System prompt + tools + CLAUDE.md → cached, 90% discount
The plan document → read once, maybe 2,500 tokens
Your message (“implement this”) → 50 tokens

Instead of dragging 25,000 tokens of design conversation through every coding turn, you have a 2,500-token document read once into a clean context. The savings compound: the longer the coding session runs, the more you save by not carrying the design history.

How to make it even cheaper

Front-load context in fewer messages. During the design session, prefer one well-structured message with all your context over 10 short exchanges. Each exchange adds two messages to the history that gets re-sent on every subsequent turn.

Persist decisions during the design session, not after. As soon as a decision crystallizes, write it to the file. In subsequent turns, say “see the plan in plan.md” instead of re-explaining. This keeps the live conversation smaller.

Start a genuinely fresh session for implementation. Do not continue the design session into coding. Close it, open new. Maximum cache efficiency.

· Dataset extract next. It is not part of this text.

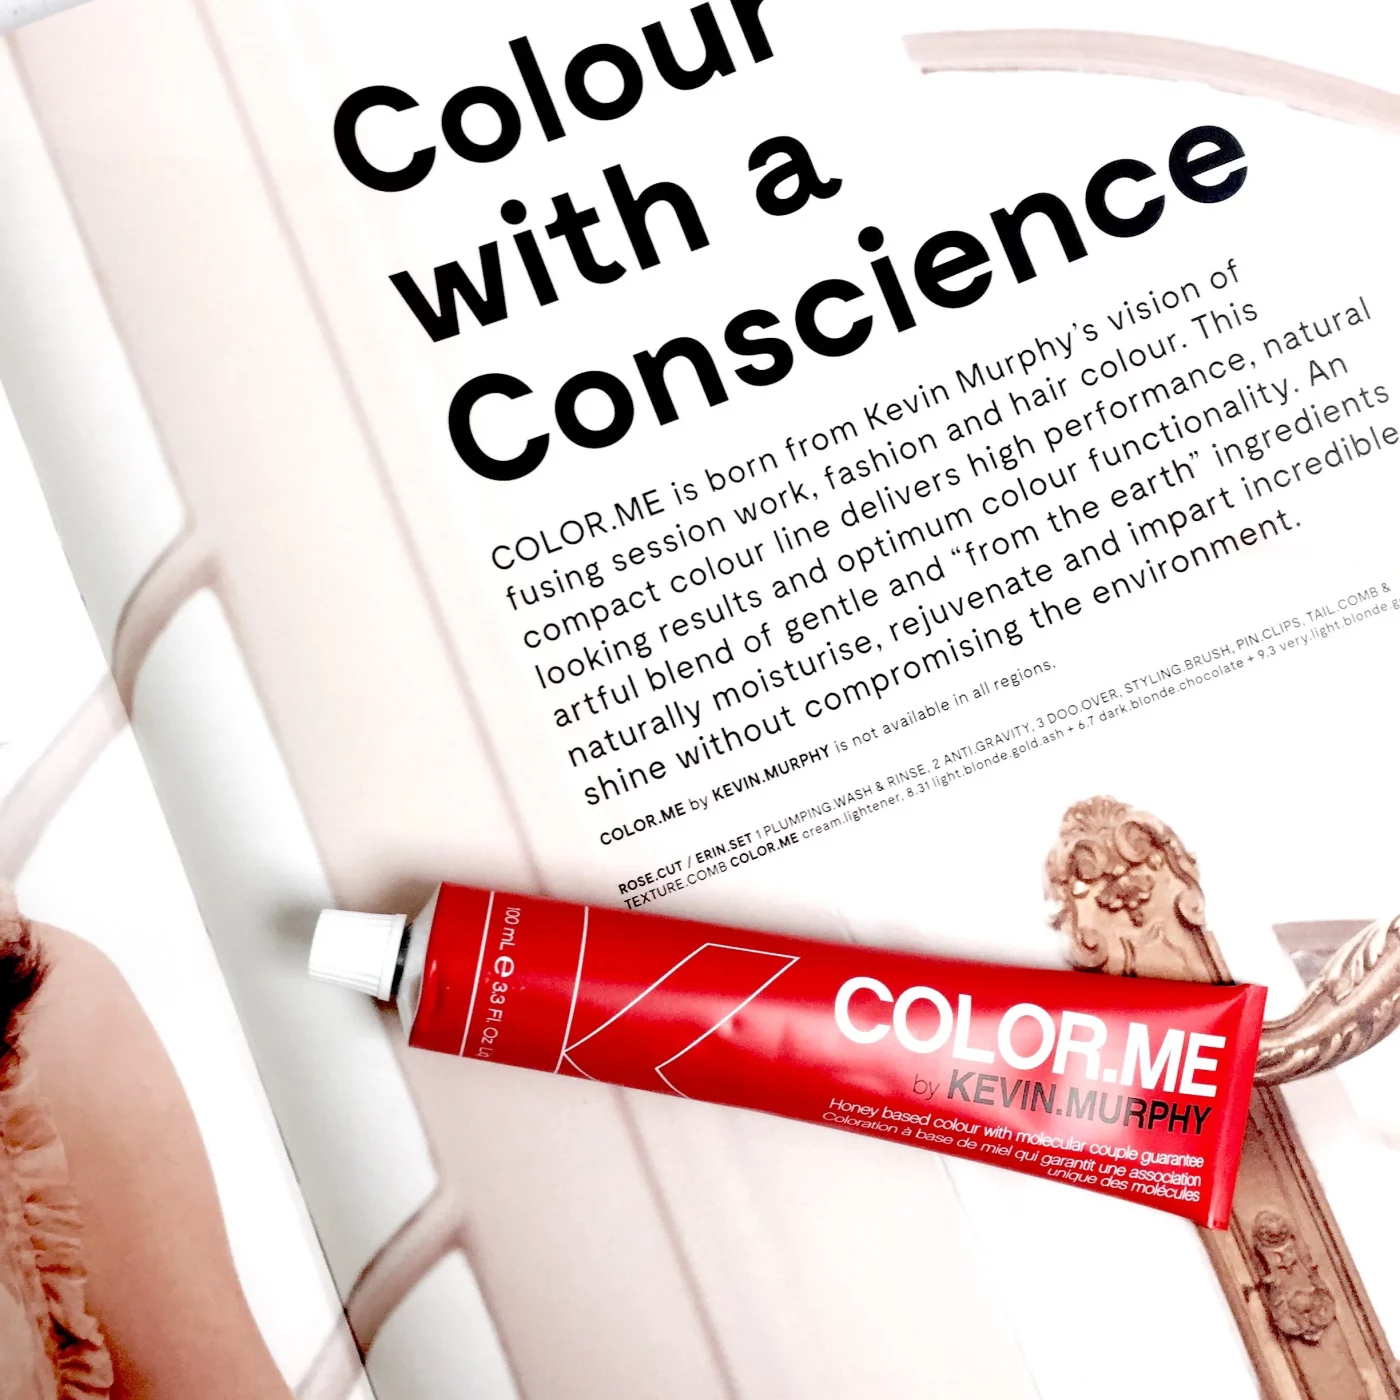 a page in a magazine about conscious hair colouring. On top lays a red tube of color.me by kevin murphy

Make the plan document concise. The agent reads the whole thing into context. A 300-line plan is better than a 1,000-line plan carrying the same information. Saint-Exupéry applies to token economy directly.

Respect the 5-minute cache TTL. If you pause to think for more than 5 minutes, the cache goes cold and the next turn pays for a full cache rewrite. Either keep turns flowing (each hit resets the timer), or accept the cold start and make the next turn count.

Use roadmap.md instead of conversation memory. The “what’s next” information lives in a file (~200 tokens to re-read) rather than in conversation history (which grows and never shrinks until compaction).

ELI5 comments are a token investment. A well-commented file costs 30-40% more tokens to read. But the agent understands it on the first read instead of needing follow-up questions — 200 extra tokens on comments save 2,000 tokens of back-and-forth.

The Saint-Exupéry rule, applied

The ideal context is not the one where you added everything — it is the one where you cannot remove anything without losing something the agent needs.

Apply this to token spending: every token in the context window should be load-bearing. If it is not helping the agent produce better output, it is displacing something that would. Comments, specs, and project docs are load-bearing. Irrelevant files, stale conversation history, and doom loop residue are not.

You do not need to count tokens manually. But developing an intuition for what is signal and what is noise — and having the discipline to keep the context clean — is what separates productive agent users from people who hit rate limits and wonder why.

The less tokens you burn, the longer the fun.